After 65 years of marriage, Shirley passed away in 2006. Sidney found himself adrift for the first time in his life. He attributed the love from his family and his tennis friends as getting him through his acute loss of Shirley. A wonderful gift came when he met Elaine Keating in 2007. She became his companion and love for the rest of his life. Together, they regularly attended classical music concerts, the opera, the ballet, and the theater. Sidney continued to play tennis well into his 100th year of life and to swim laps and work-out until his last days. He remained fascinated by the world around him, reading voraciously, listening to music, and watching Lincoln Center opera remotely.
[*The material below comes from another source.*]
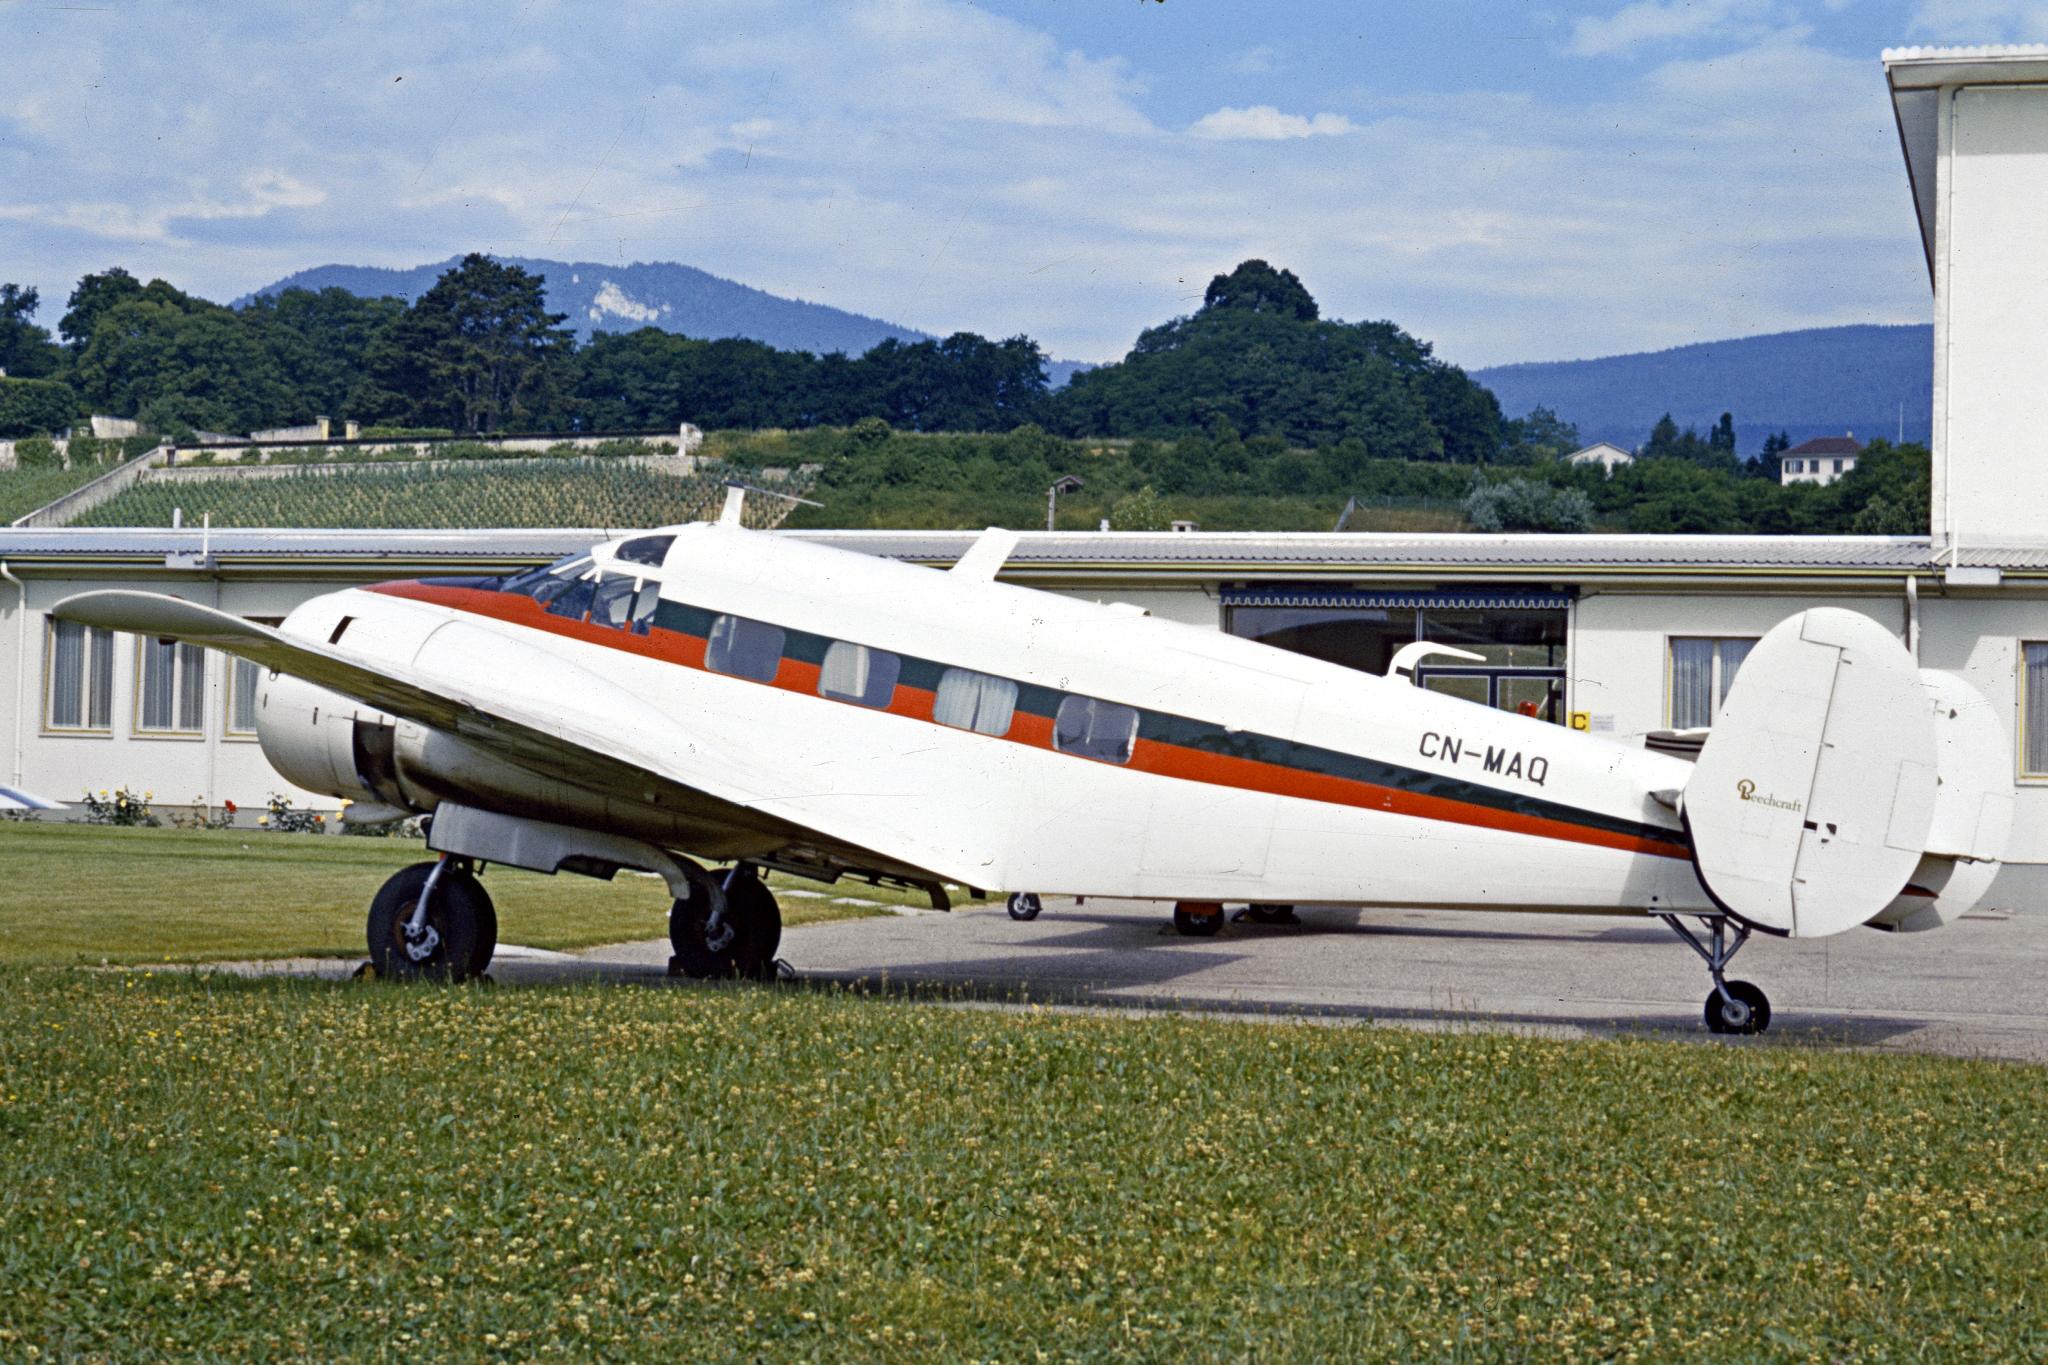 FRA: Photos anciens avions des FRA - Page 7 16011011002446242

Despite the challenges caused by Covid, Sidney and Elaine always managed to find joy. He reveled in his extended family: his three children and their partners– Alan and Sissel, Mark and Cheryl, and Jane and John; seven grandchildren and their partners –Ingrid and Alexi, Tony and Emily, Danny and Serena, Peter and Lauren, Jon and Lori, Hazel and Ricky, and Lauren; and five great grandchildren –Tomas, Augie, Esther, Frances, and Fiona.

Sidney Katz led with a sense of humor, joy and generosity, and he never hesitated to celebrate the daily pleasures that come with inhabiting this earth.

Sidney Katz led with a sense of humor, joy and generosity, and he never hesitated to celebrate the daily pleasures that come with inhabiting this earth. He relished every family milestone and never hesitated to express his love to all around him. Sidney closed his eyes for the final time on Sunday, December 12th at the age of 104, still in amazement at all he was continuing to learn.